The repository consists of a hierarchy of different types of nodes. This can be for example, folder nodes or leaf nodes representing a file. Each node is associated with a parent node via a parent-child relationship, except the top root node. Nodes can also be related to each other via source-target associations (that is, peer associations). If the node represents a file, then it is also associated with a file in the filesystem. This is a somewhat simplified view of the repository as each node actually resides in a store as in the following figure:

The repository is built up by a number of stores and each one of them contains a node hierarchy. The nodes make up the metadata for the content and are stored in the database. The actual content itself, such as document files, is stored in the filesystem.

Stores

There are a couple of stores that you will come in contact with, if you work with Alfresco for a while. First, we have the Working Store, which is the main store where metadata for all live content is contained; this store is often referred to as just DM (Document Management). This is the content that you can access from all the different user interface clients. The default behavior when something is deleted from the Working Store via any of the user interfaces is that both the content file and the content metadata ends up in a store called the Archive Store.

Note

Content is not permanently removed from the disk when it is in the Archive Store. To physically remove the content from the disk, you need to manage content via the Admin user profile screen or configure a content store cleaner (http://wiki.alfresco.com/wiki/Content_Store_Configuration).

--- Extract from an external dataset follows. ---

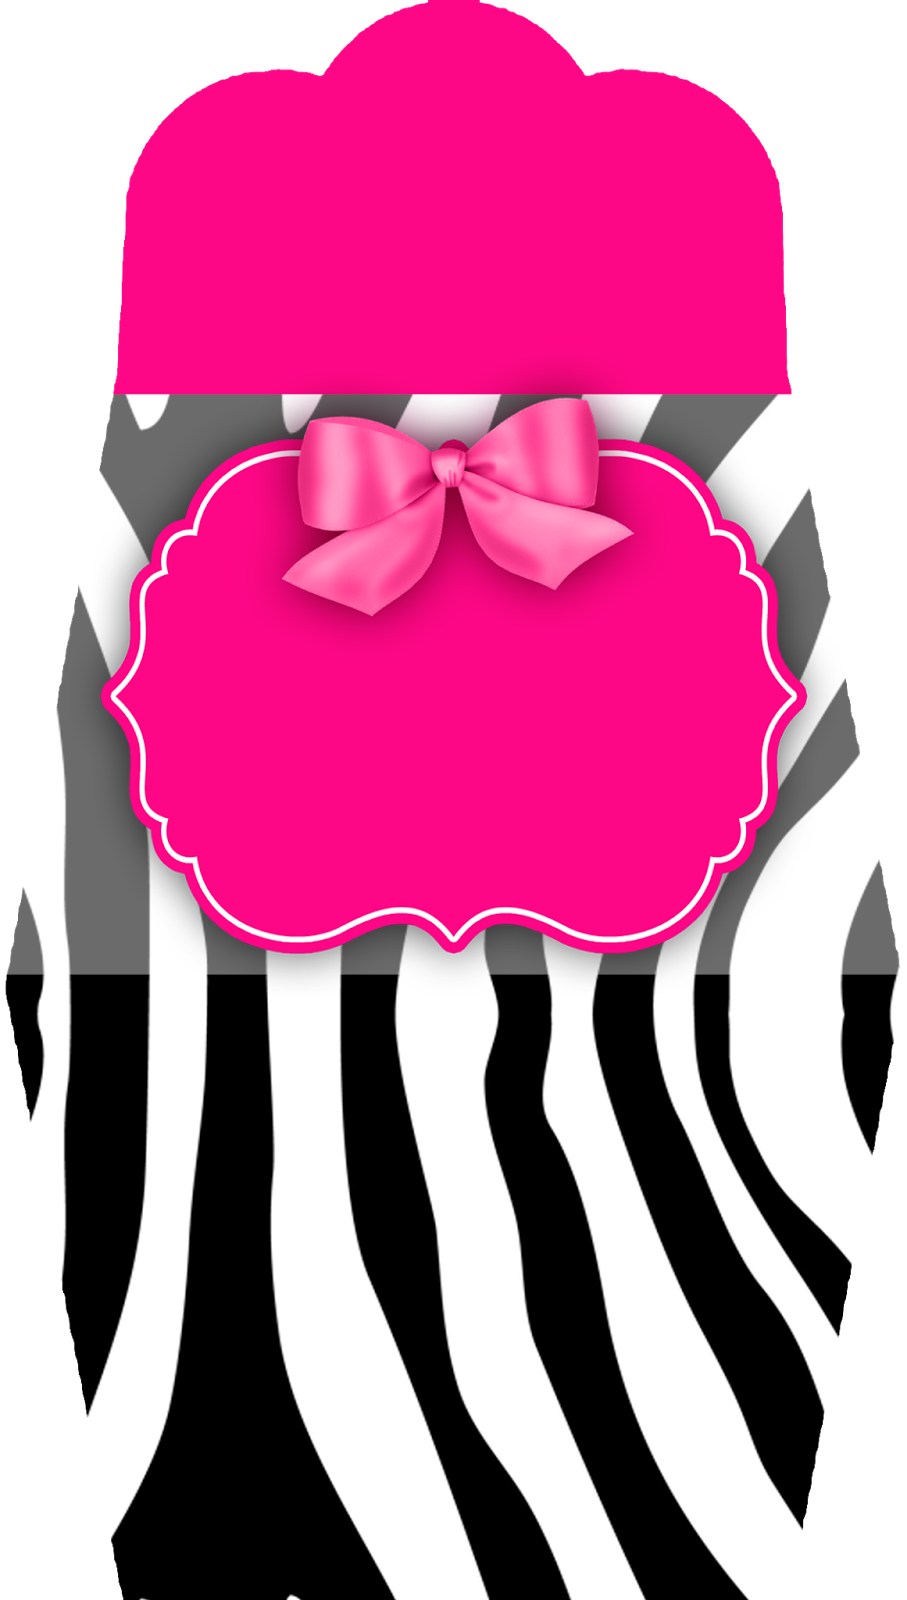 zebra-and-pink-free-printable-purse-invitations-oh-my-quinceaneras
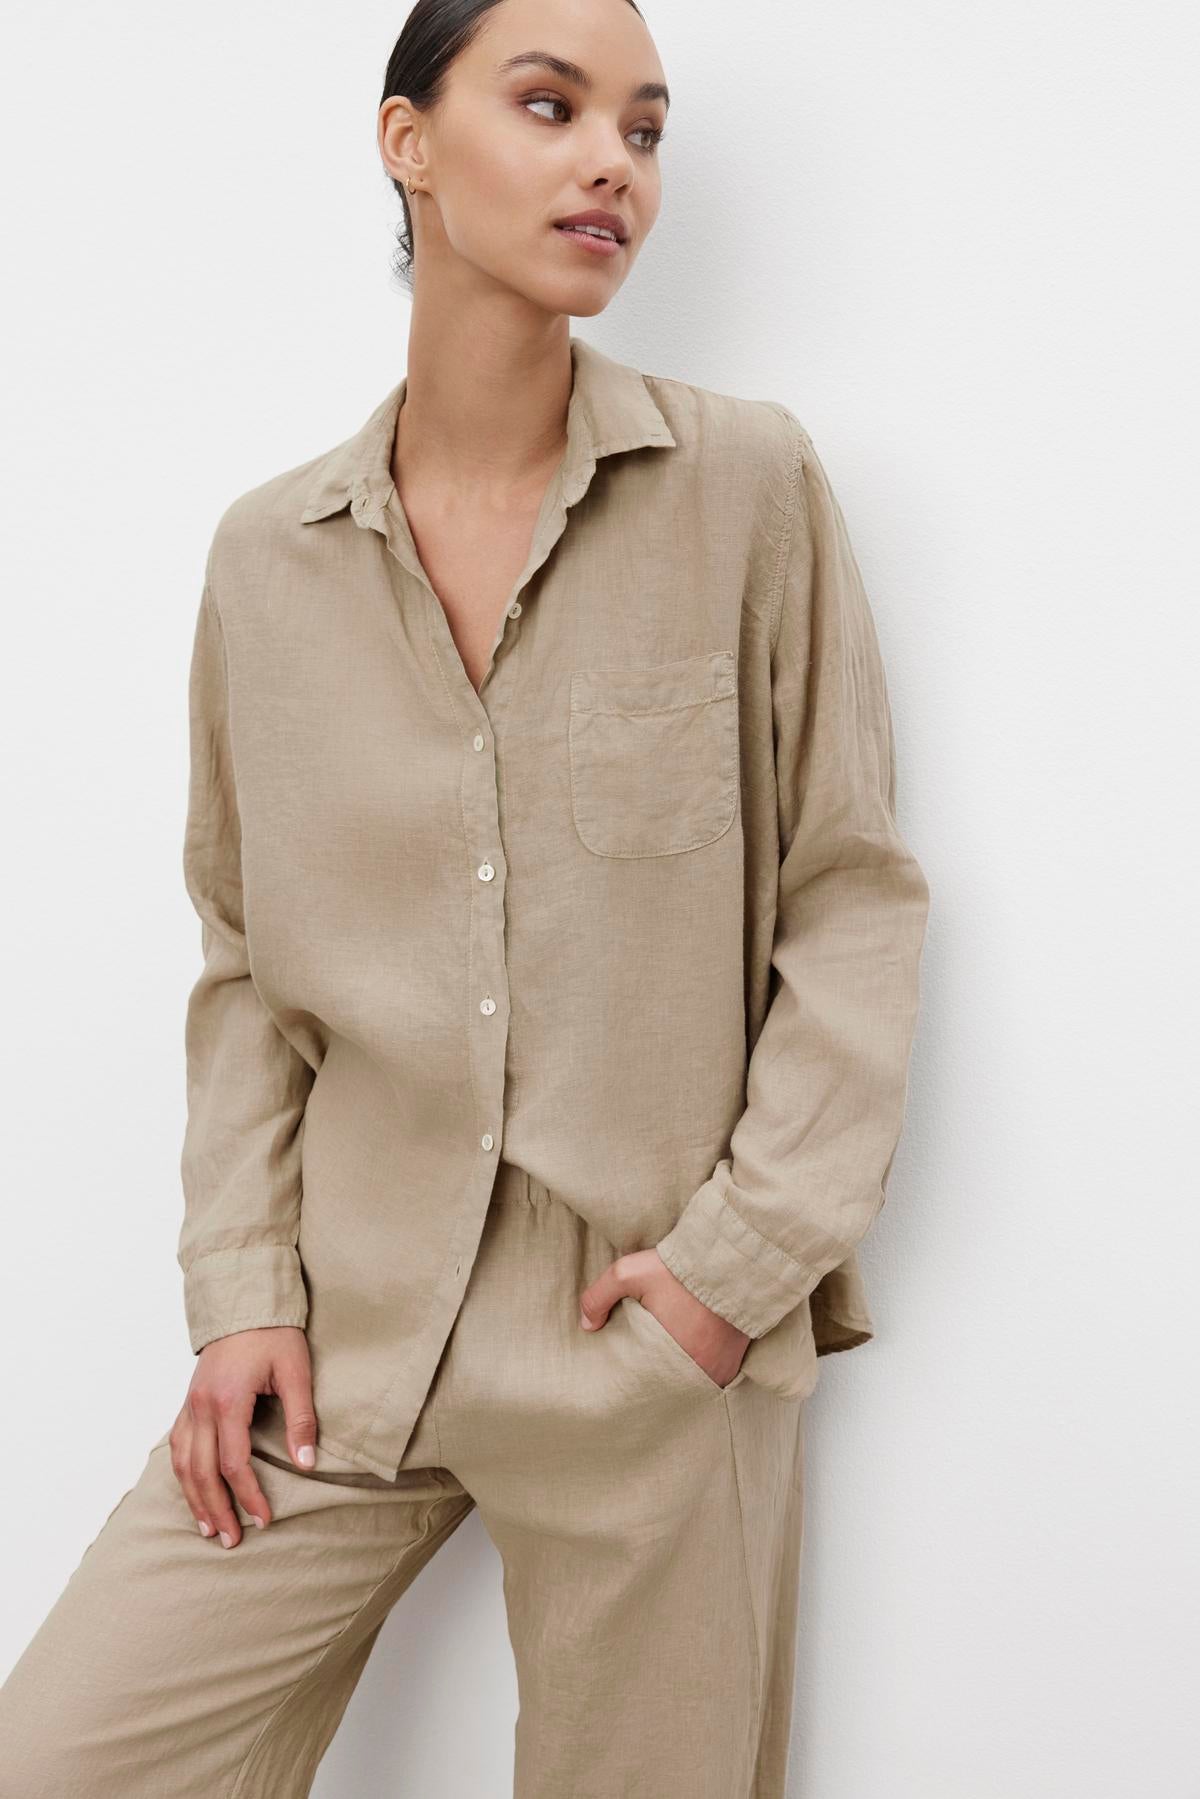 A woman wearing a relaxed silhouette, casual beige linen Mulholland shirt by Velvet by Jenny Graham with a scooped hemline and matching pants.-36463469658305

If you turn on "versioning" for a document, then you will see some activity in the Version Store where all the previous versions of a piece of content will be stored. This is called the "version history" and there is one Node created per version history.

Note

The complete file for a previous version is stored and the system does not store the delta between versions.

Whenever you install a new application module such as Records Management or Web Content Management, the data about this module is stored in the System Store. The data that is stored is, for example, module version number.

Finally, we have the Content Store that contains all the physical files and it lives on the disk compared to the other stores that live in the database. It is called Content Store even though the behavior is not the same as for the stores that live in the database. It is more of an abstract term for where the physical content files are located.

The Content Store

So why are the physical files stored in the filesystem and not in the database as Binary Large Objects (BLOBs)? It would be easier to back up the whole system and also to set up replication if everything was in the database. And system administrators would not have to manage both database space and filesystem space.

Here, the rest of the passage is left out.